First based in the sites of Bovisa, Pero, Abanella as well as in the Piermarini headquarters, the Teatro alla Scala laboratories are located since February 20, 2001 in the former industrial settlement of the Ansaldo steel plants in Milan.

A huge 20,000 square metre facility, divided in three pavilions dedicated to director Luchino Visconti, scenographer Nicola Benois, and costume designer Luigi Sapelli (aka Caramba), where most of the handmade works for scene productions are carried out - scenography, sculpture, thermoforming, carpentry works, mechanics workshop, scene assembly, costume laboratory, costume design, laundry. The facility holds over 60,000 stage costumes, as well as the rehearsal rooms of the chorus and a stage area for direction rehearsals, which perfectly matches Piermarini's stage.

This heritage exists thanks to the daily work of more than 150 people including joiners, blacksmiths, carpenters, scenographers, scenography technicians, sculptors, dressmakers and costume designers, who create the whole staging starting from a simple sketch.

Wishing to share this world of values, La Scala decided to open the Laboratori Scala Ansaldo to the public: the project that includes guided tours, on which it is possible to visit the backstage of the theatre and experience the birth of a show at first hand.
MUSEO TEATRALE ALLA SCALA

The Museo Teatrale alla Scala, in the theater annex, is a rich assemblage of precious relics, paintings, sculpture and backdrops--all souvenirs of the prominent composers, and singers who made their careers at La Scala.

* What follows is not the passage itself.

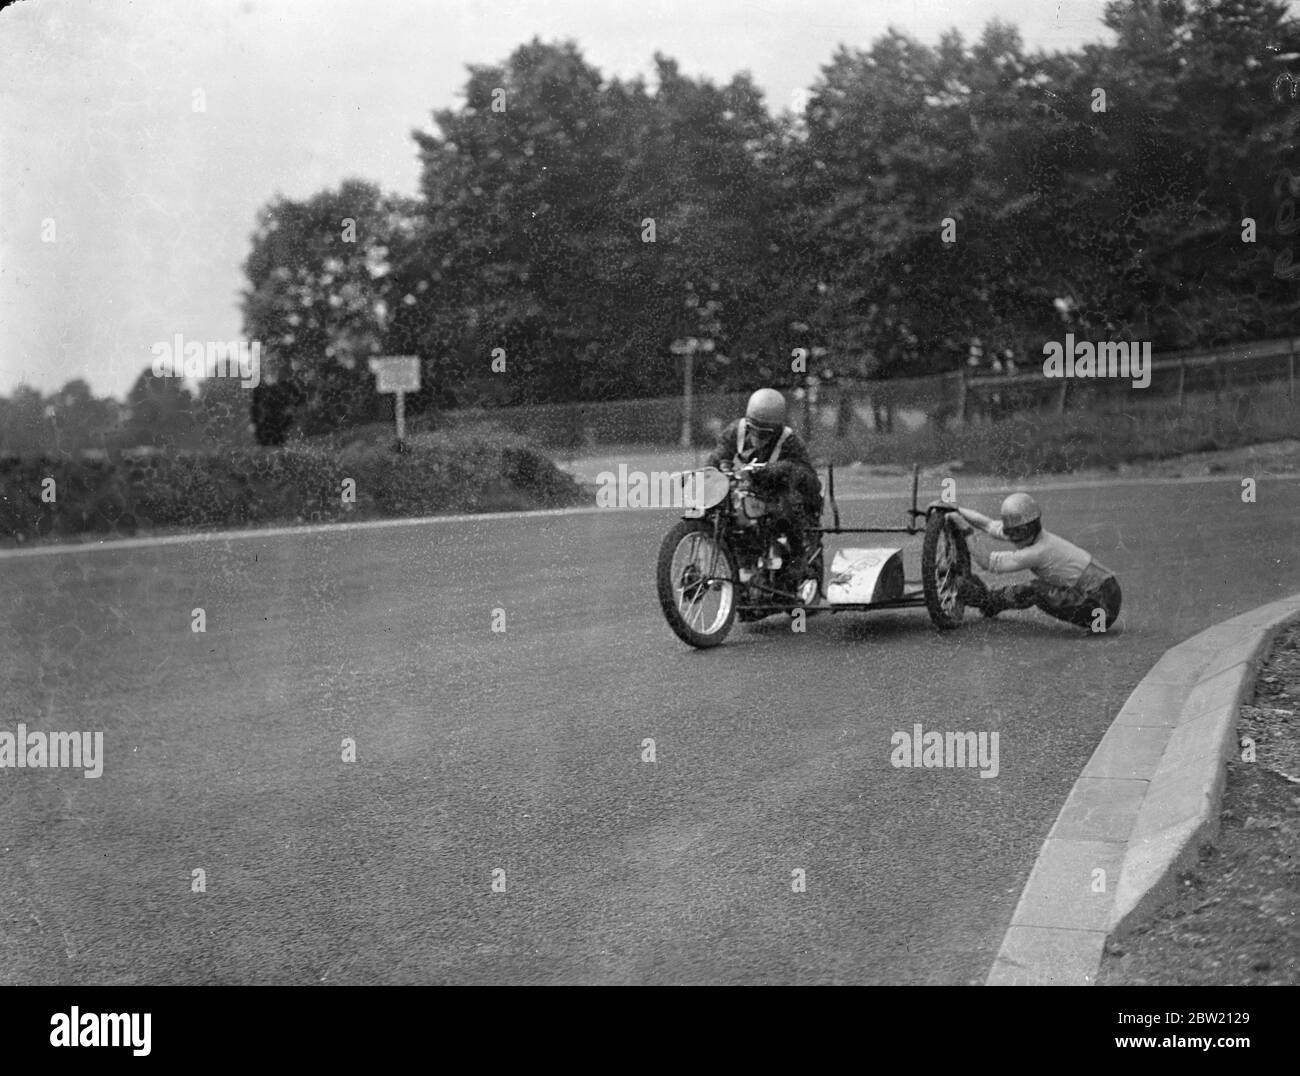 Les motocyclistes ont eu une dernière pratique sur le circuit de course de Crystal Palace Road pour la réunion du Grand Prix de Londres aujourd'hui (samedi). Le passager est presque au sol alors qu'il se raccroche à une roue quand John Surtees tourne sur New Zealand Bend. 17 juillet 1937. Banque D'Images

The museum preserves a history of opera, from antiquity to the present.

Its history dates back to 1911, as Duke Uberto Visconti di Modrone, Professor Lodovico Pagliaghi, composer and librettist Arrigo Boito, correspondent for newspaper "Il Secolo" Mr Borsa, Senator Mangili, Count Leopoldo Pullè and Doctor Gino (Ettore) Modigliani, director of the Pinacoteca di Brera, gathered around a table of Teatro alla Scala. These men were the most popular people in Milan in those years, most of them coming from the town's rich cultured class, and connected to La Scala theatre by their love and passion. The decision to be taken around that table concerned the purchase of the theatre collection belonging to the antique dealer Giulio Sambon, which was going to be put up for auction in Paris on the very first days of May of the same year. Those antiques could have been the starting point of a huge theatre collection, whose foundation had been sought for by Milan intellectual community of Teatro alla Scala for a very long time, since the very first years of the century. But the forthcoming term of the auction left them only one week to find the necessary funds. With the help of the government and 50 citizens, after a series of incredible adventures to wring the collection out of the American multimillionaire JP Morgan, the dream came true, and the collection was then given to the city of Milan. The Museum was officially opened on March 8, 1913 with a solemn ceremony in the former Casino Ricordi connected to Teatro alla Scala. Over the years several donations and purchases added to the Sambon collection, which is today one of the richest and most envied collections of the world. The most important deposits are in the "Casa di riposo per musicisti" (Retirement-home for musicians), founded by Giuseppe Verdi, as well as in public places. The Museum also includes the library, founded with its present structure, with the 40,000 volumes given in 1952 by Renato Simoni, journalist for "Corriere della Sera" and which is constantly enriched and updated.